__DATA SEGMENT__:
◇ ◇ ◇ ◇
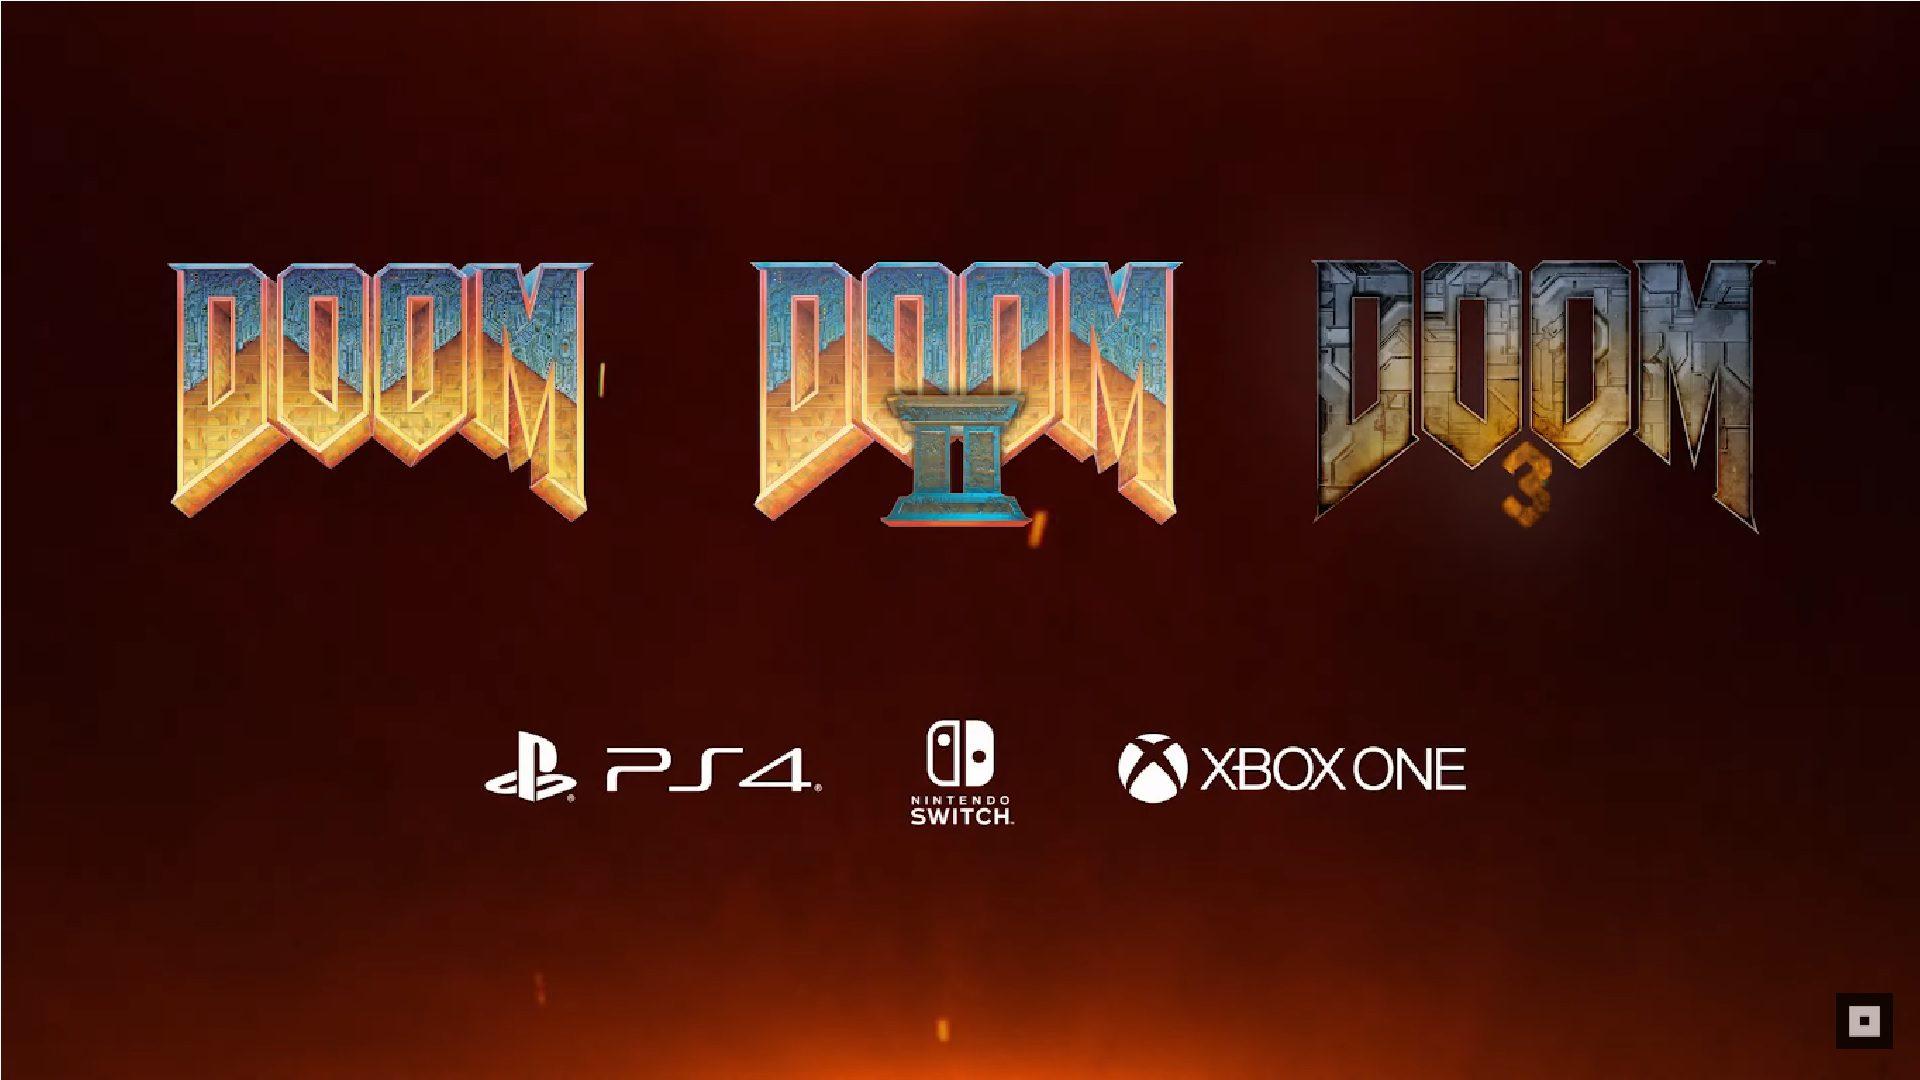 Bombshell! Doom, Doom II and Doom 3 have been re-launched for Xbox
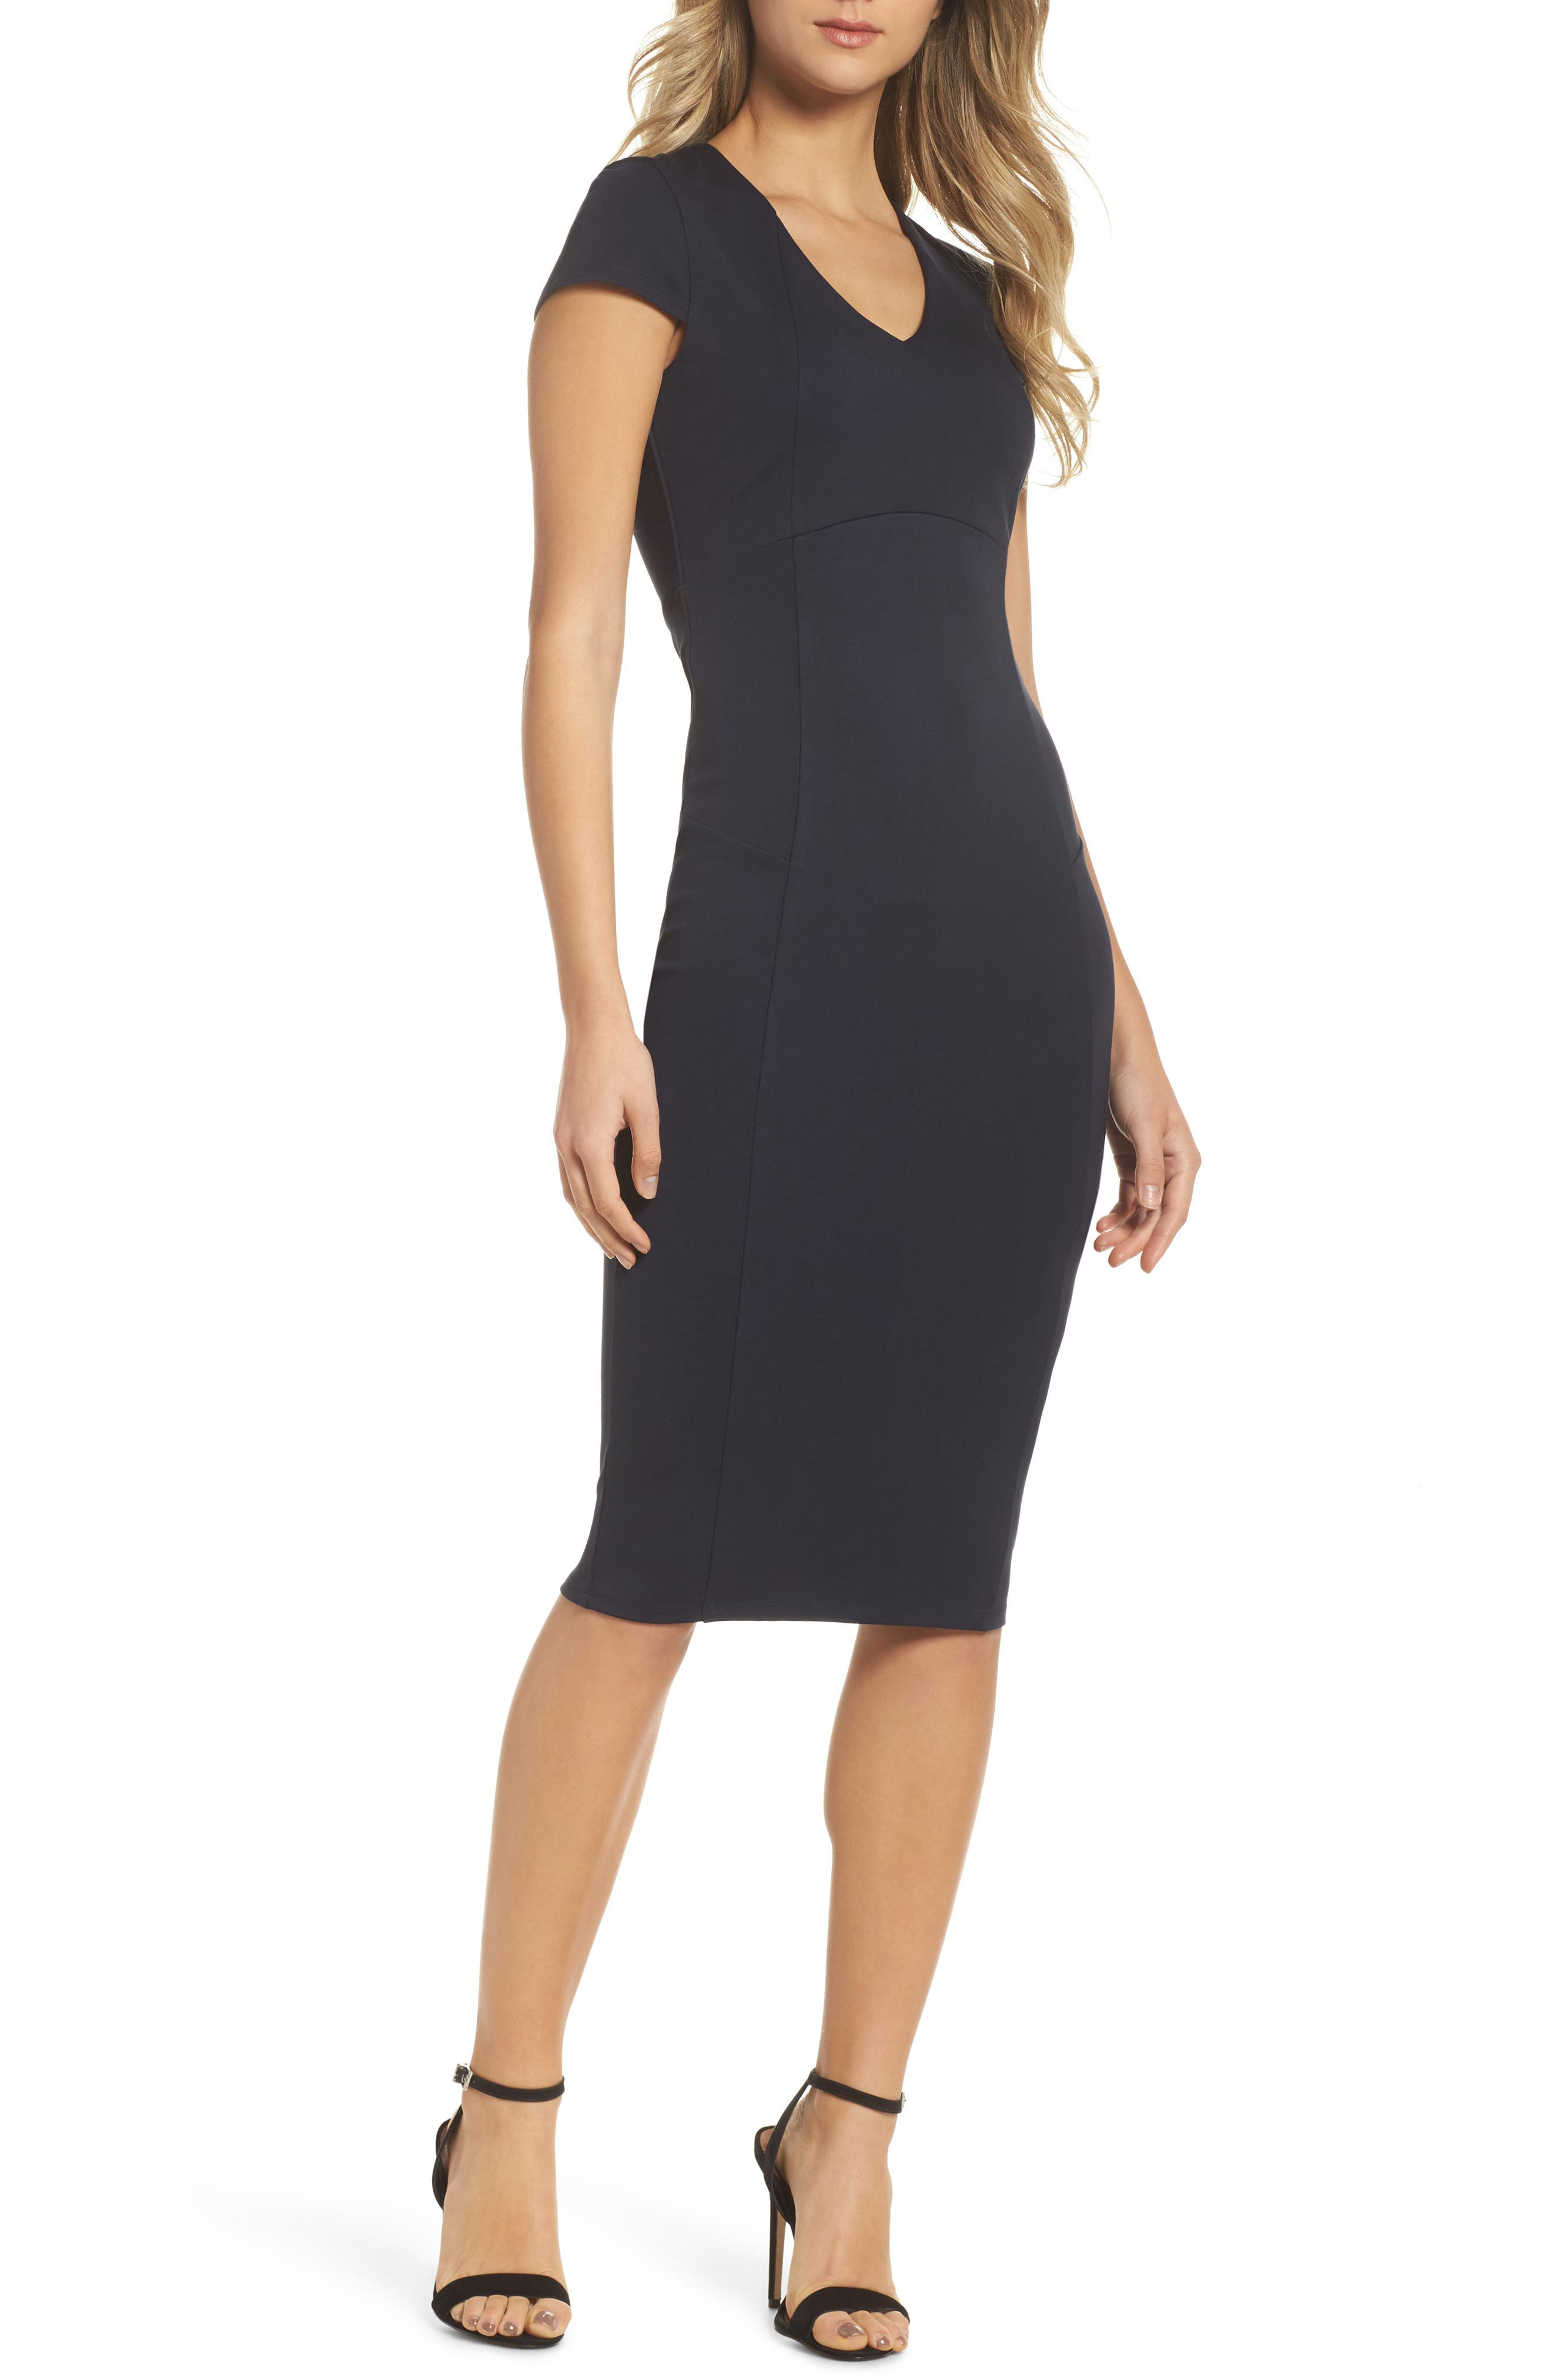 Felicity & Coco Nikki Body-Con Dress (Nordstrom Exclusive)
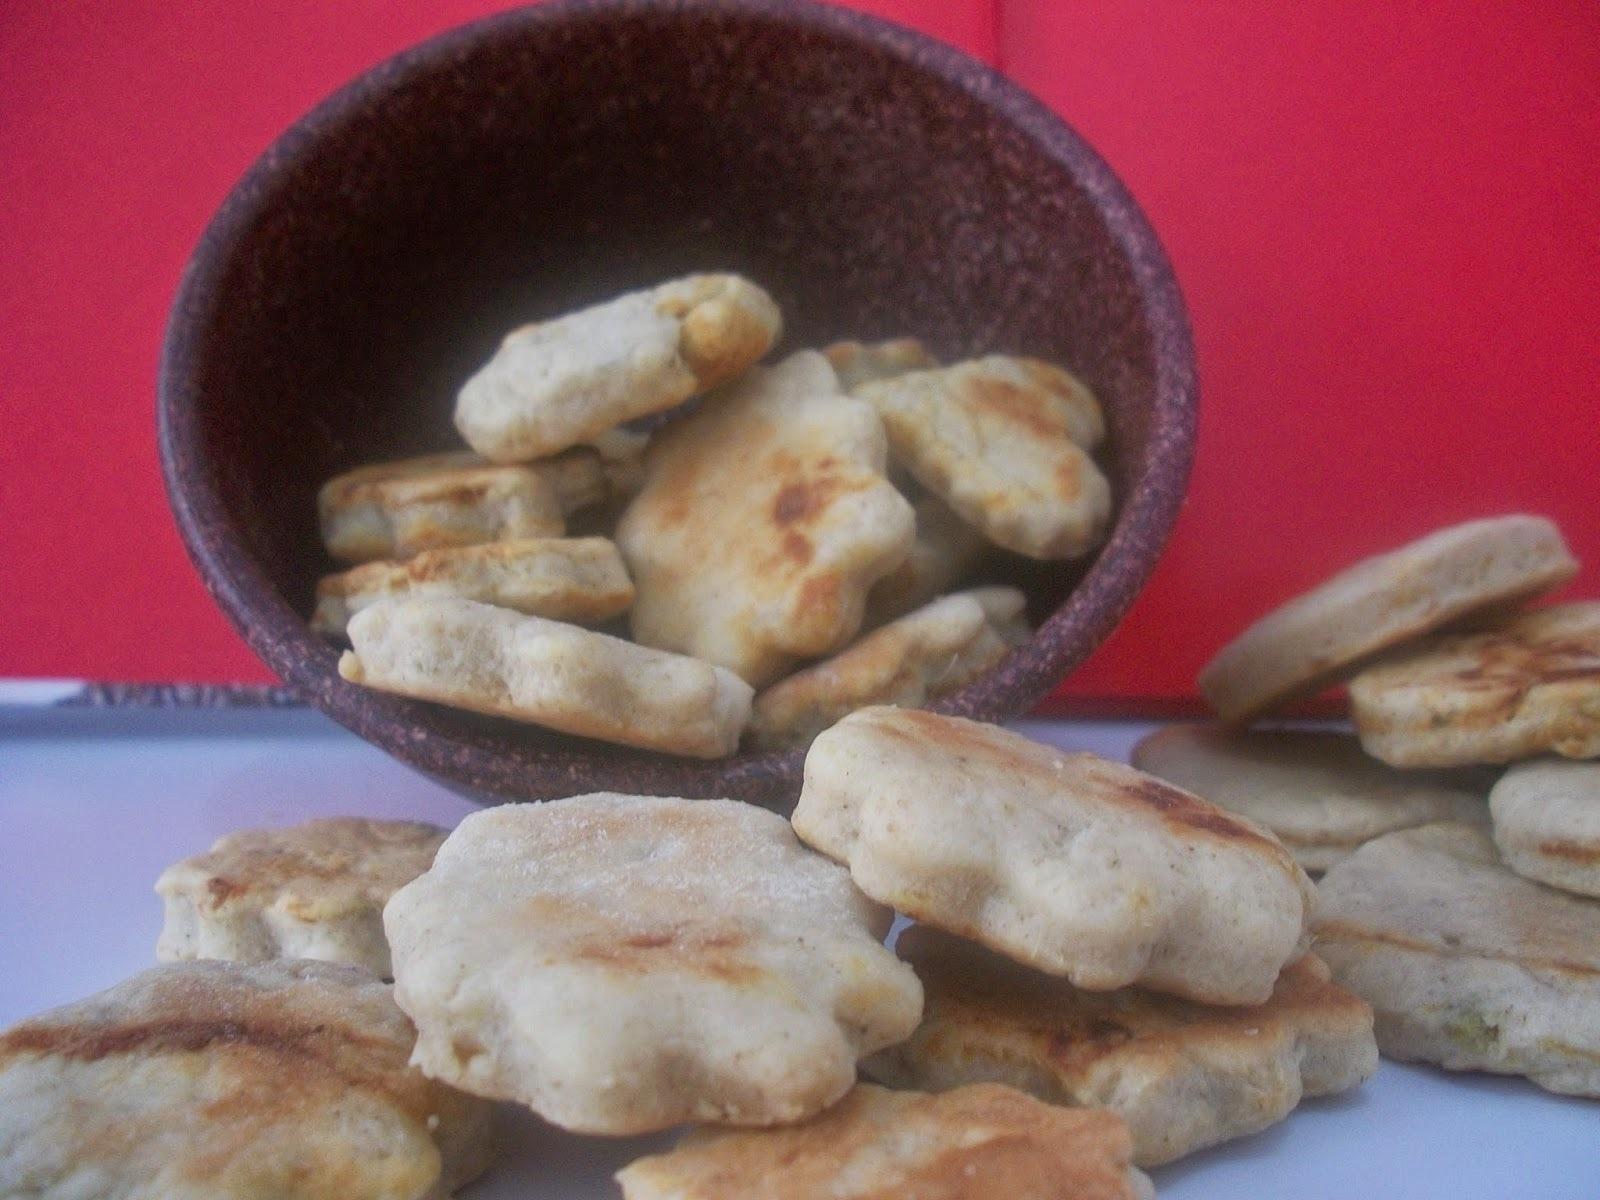 Biscoitos de batata doce - Sweet potato biscuits
◇ ◇ ◇ ◇
__WHAT IS NEEDED__:
Word for word, repeat the material above and drop the pictures.

__ANSWER BOX__:
 Bombshell! Doom, Doom II and Doom 3 have been re-launched for Xbox
 Felicity & Coco Nikki Body-Con Dress (Nordstrom Exclusive)
 Biscoitos de batata doce - Sweet potato biscuits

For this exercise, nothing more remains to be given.